At first sight these statements would seem to have nothing to do with the Pth quantiles of samples, or population quantiles, discussed in the quantiles More Information
When calculated for a sample, the value of a quantile is either descriptive - or, if the sample was taken at random form some larger 'population' of values, a sample quantile (such as the median, or the upper quartile) provides an estimate of the corresponding quantile from that population (such as the median, or the upper quartile).
The essential difference between the P-values of a sample and the P-values that accompany statistical tests is that the latter refer to the estimated distribution of the statistic under test. Thus a "chi-square test" would be comparing the observed value of the statistic under test to a "chi square" distribution, and Flagwaggit's test compares Flagwaggit's statistic to its distribution - and (nearly always) both of those distributions will be estimated from the data at hand, in order to test some hypothesis.
In other words, the P-value of a test is an estimate of the corresponding P-value of whatever population of values the statistic under test was assumed to represent - assuming the hypothesis under test was correct, or approximately so. Specifically, these P-values tell you what proportion of results would yield statistics whose quantiles are as extreme, or more extreme, than the observed value of that test's statistic. For a conventional 1-tailed test, the 'critical value' (P = 0.05) is usually the 95% quantile. A 2-tailed test has 2 critical values, the 2.5% and 97.5% quantiles, which enclose 95% of the statistic's distribution.

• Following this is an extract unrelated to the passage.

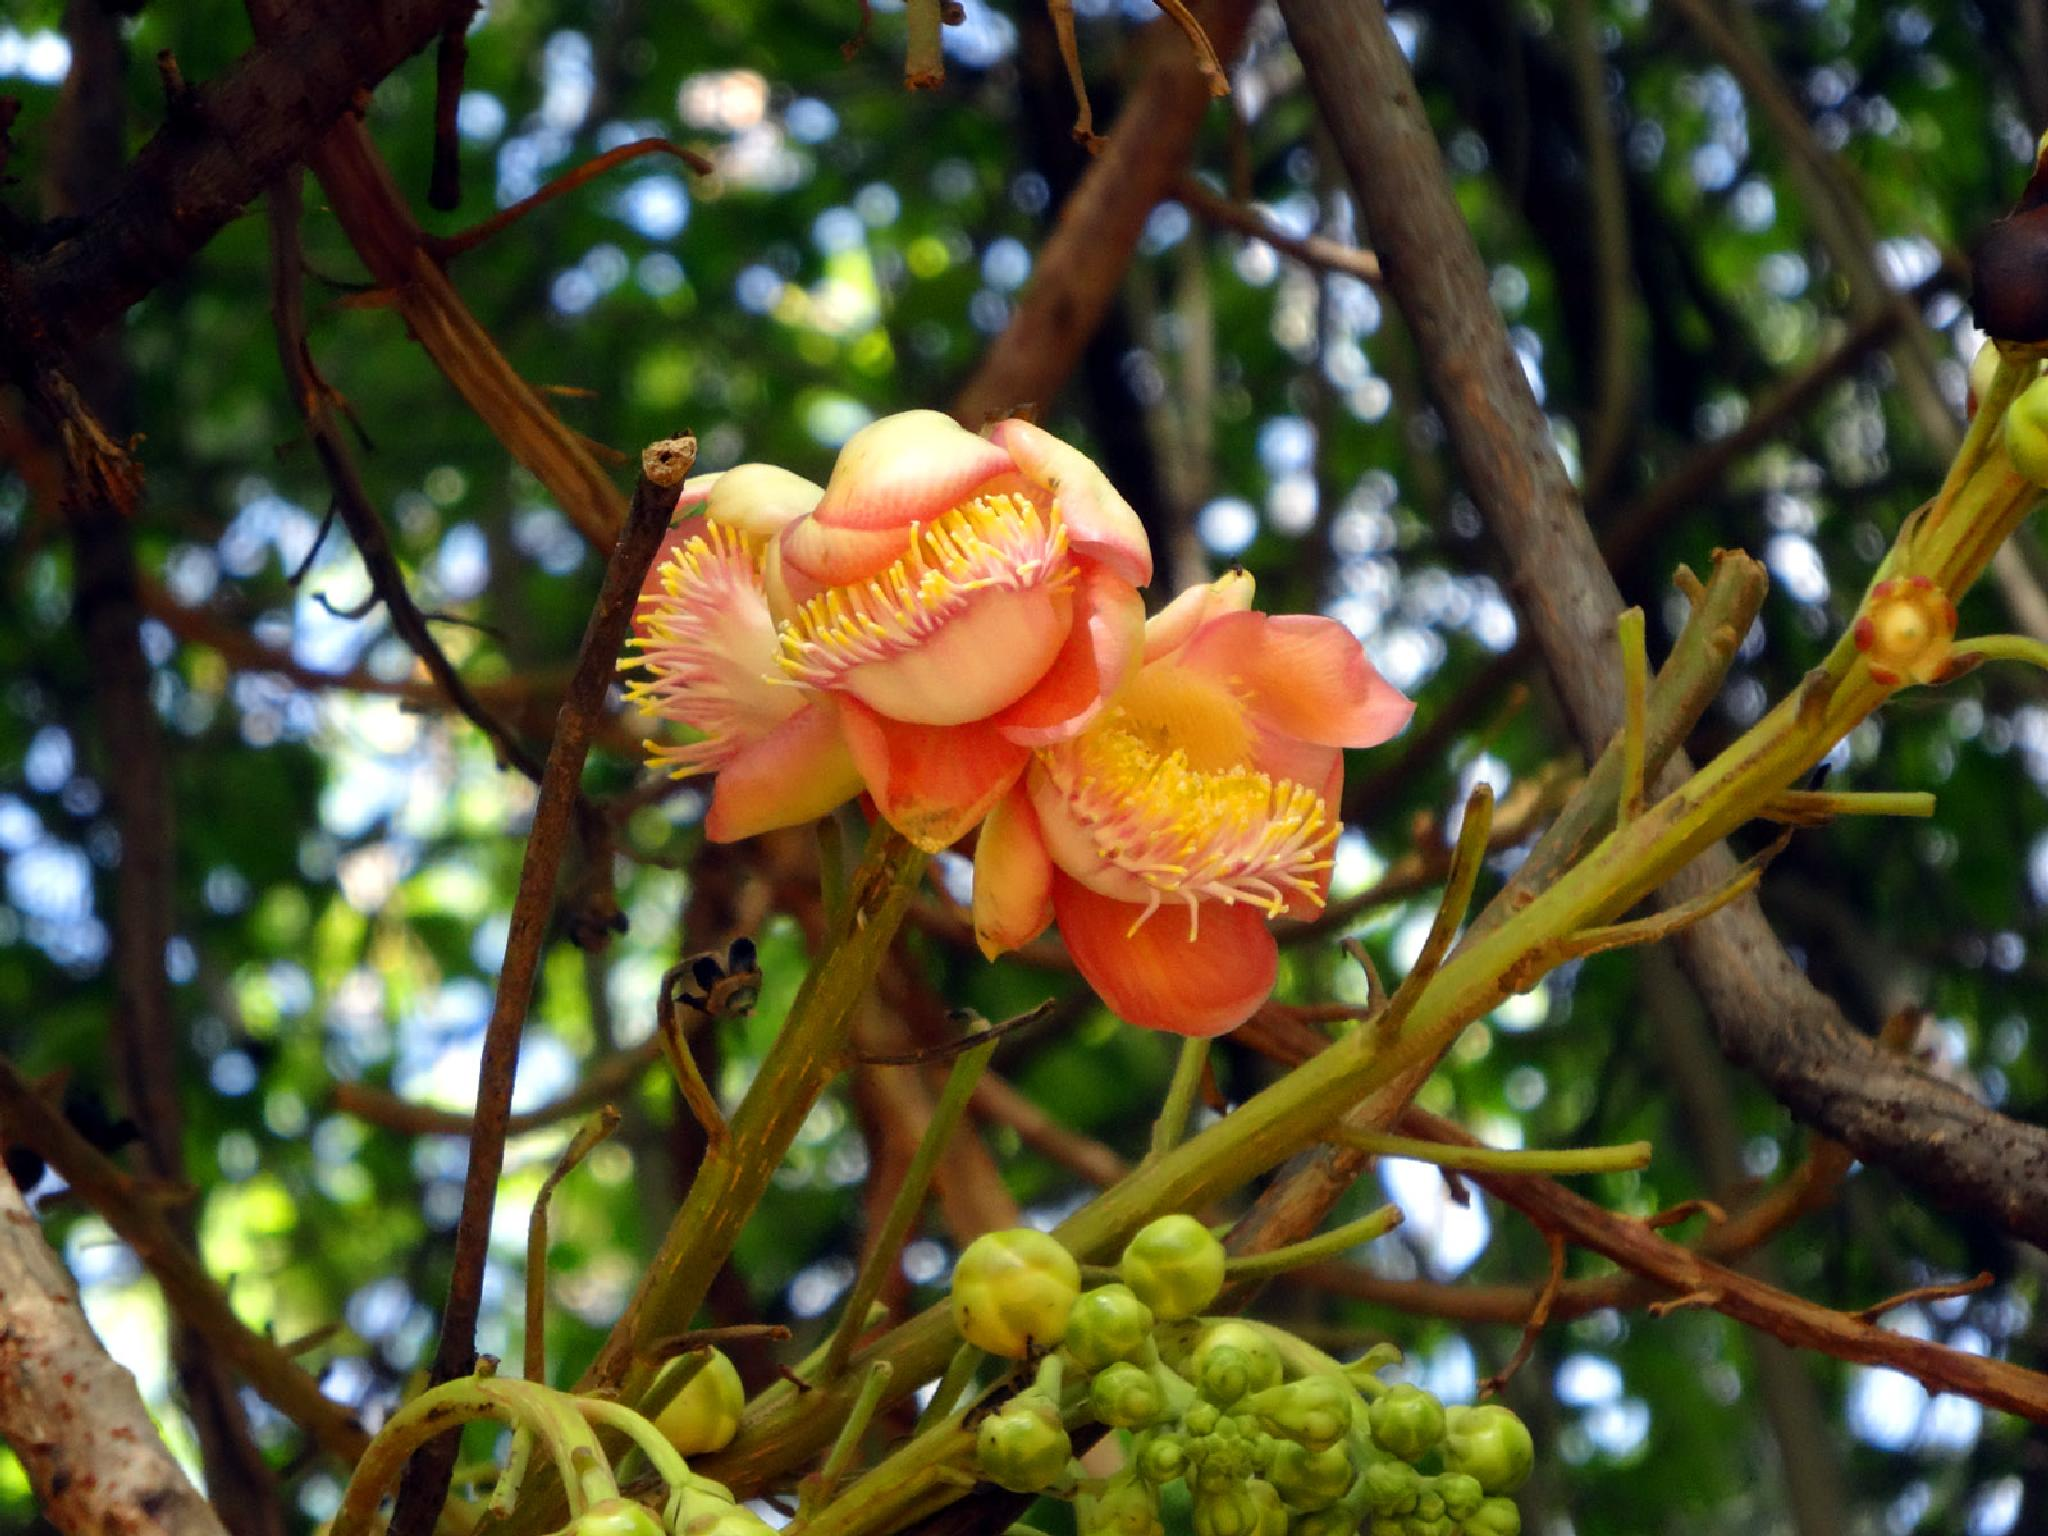 Cannonball flower by Krishna Rao D
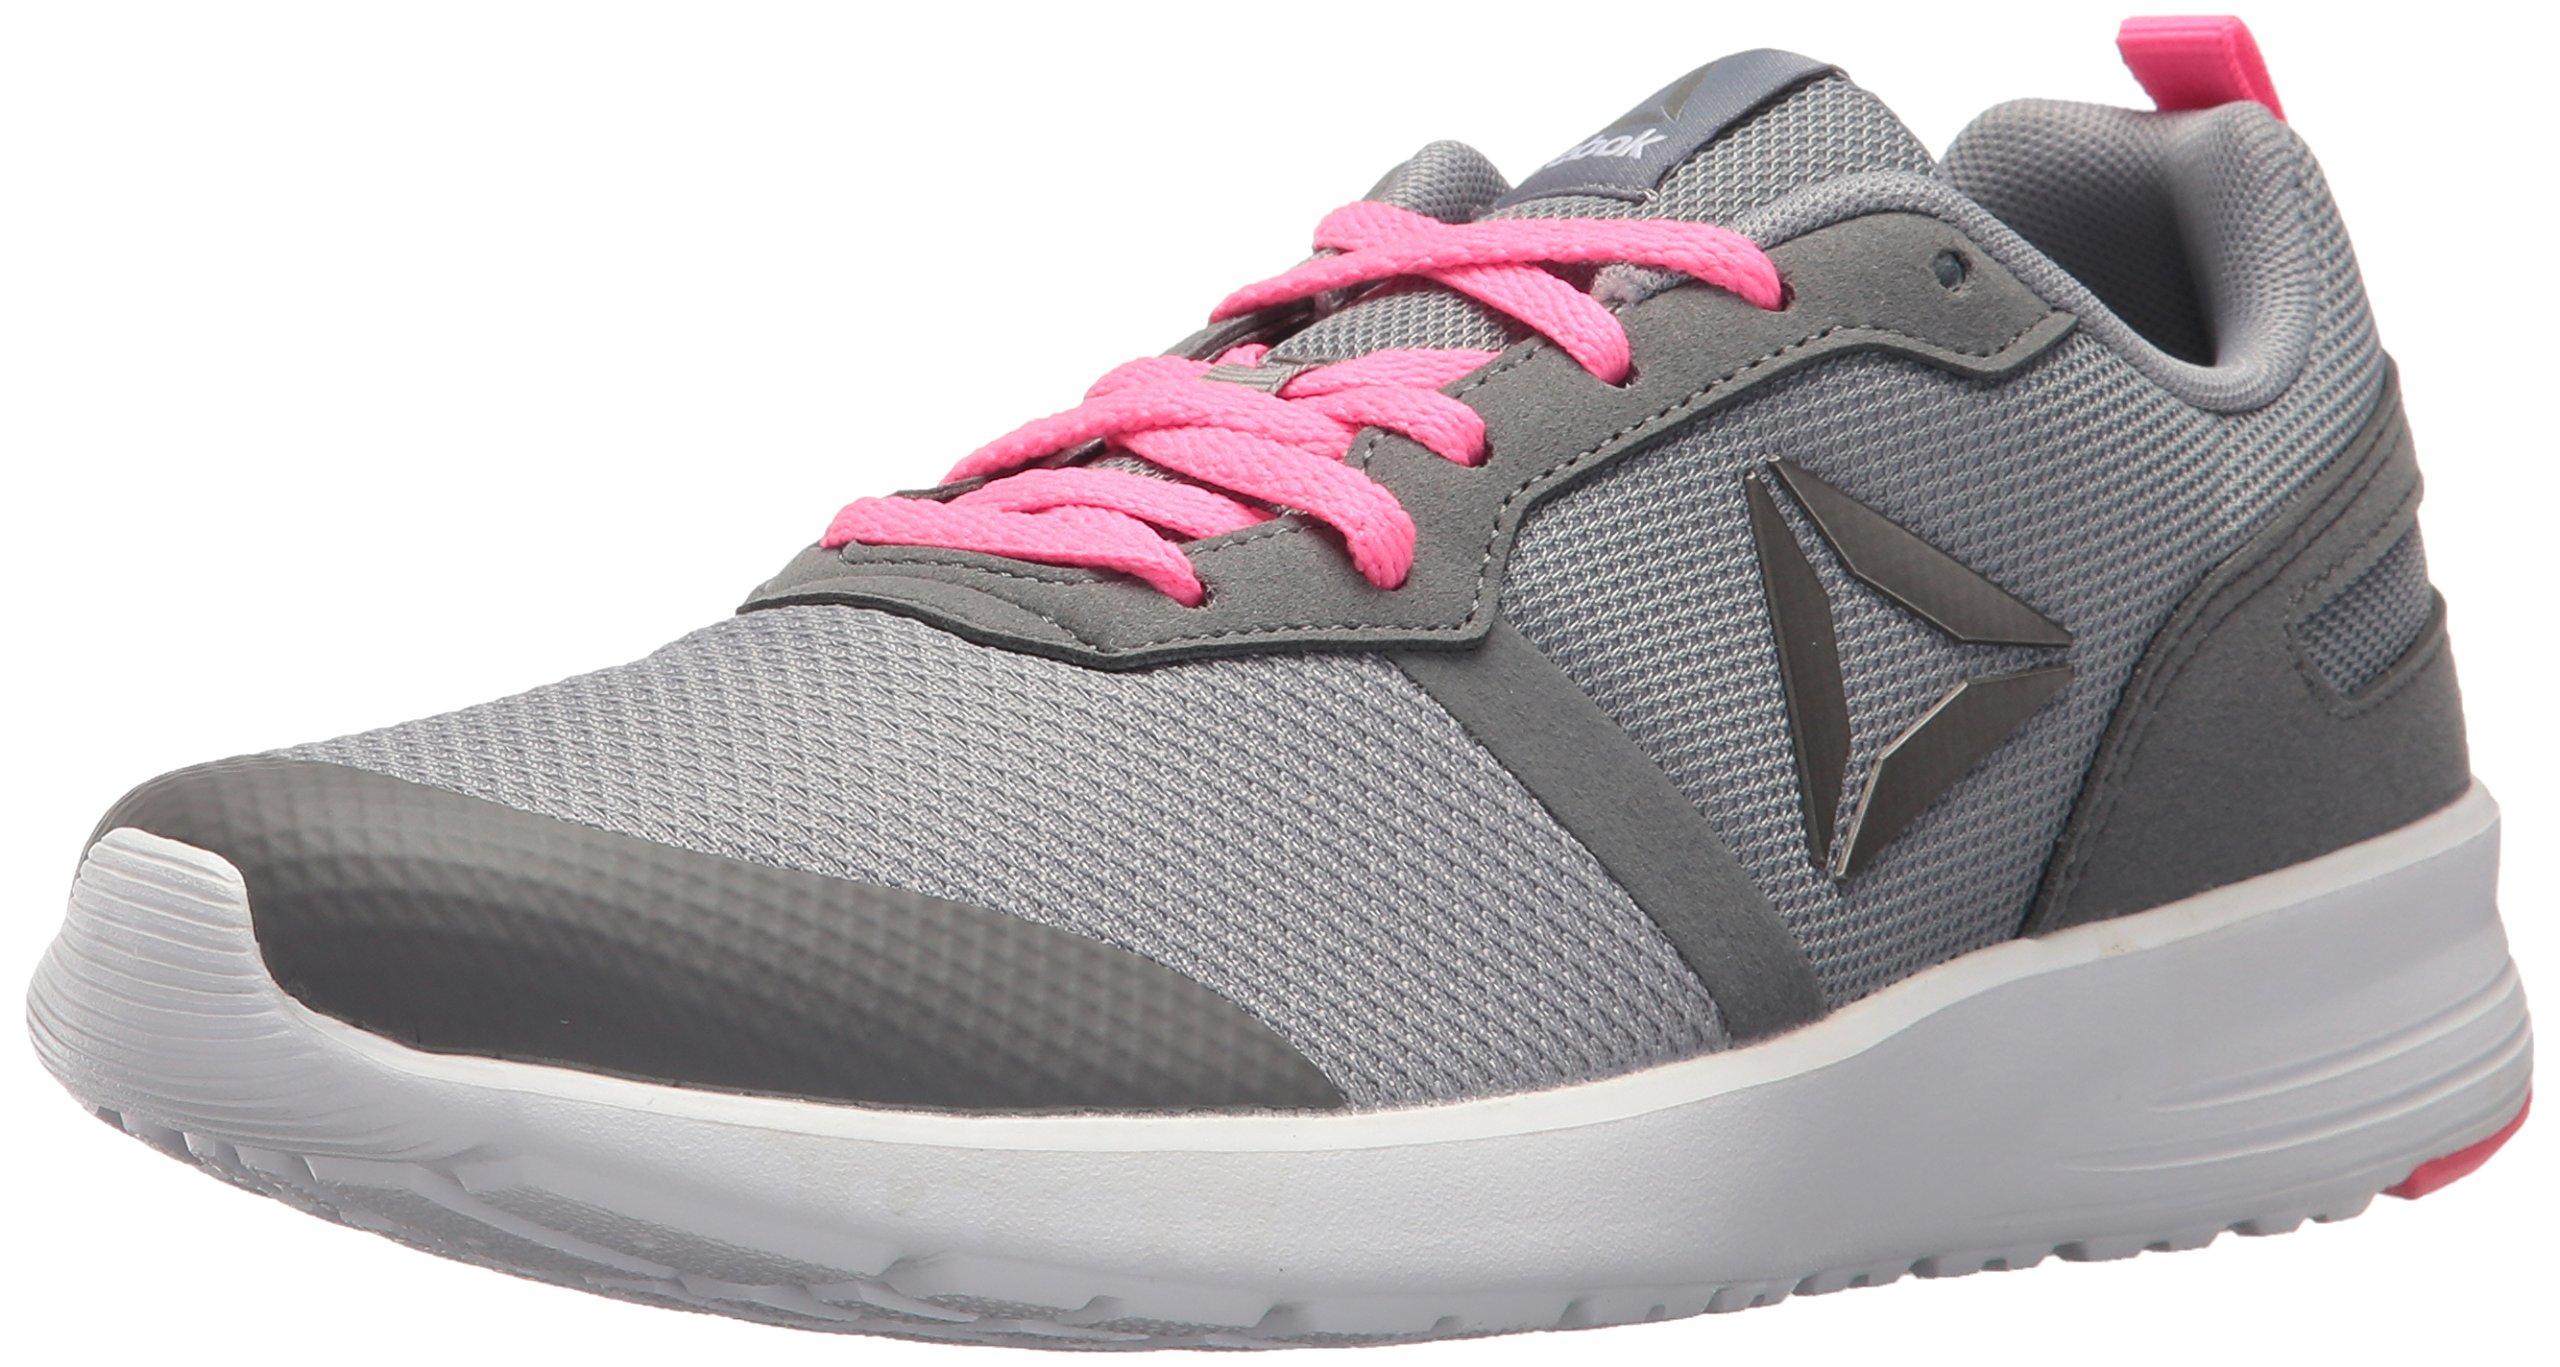 Reebok Women's Foster Flyer Track Shoe,flat grey/medium grey/poison pink/white/pewter,6 M US

If this sounds like gibberish do not worry for now. We explore the detailed reasoning, assumptions, properties and problems of statistical tests in
Therefore, whilst thinking about how to calculate quantiles may seem wholly academic and without merit, not understanding their properties can have serious and very practical consequences. Moreover, because the problem and its solutions are controversial, many statistics textbooks prefer to ignore them. We do not.
One approach, instead of applying conventional P-values, is to use what are known as mid-P-values. To understand the difference between these two quantiles let us consider a value t, which is a member of a collection of such values, called T.
Now imagine that T contains many values (say a million). If every value is different, the proportion that exactly equal t cannot be more than 1/1000000. In that case, if 5% of T are more extreme than t, then R/N=0.05 and R/N - 0.5/N = 0.0499995. However, as we shall see in later units, a million values is an unusually tiny population for a statistic being tested. So when T is infinitely large, as for instance is the chi-squared distribution, to all practical purposes conventional and mid-P-values are identical.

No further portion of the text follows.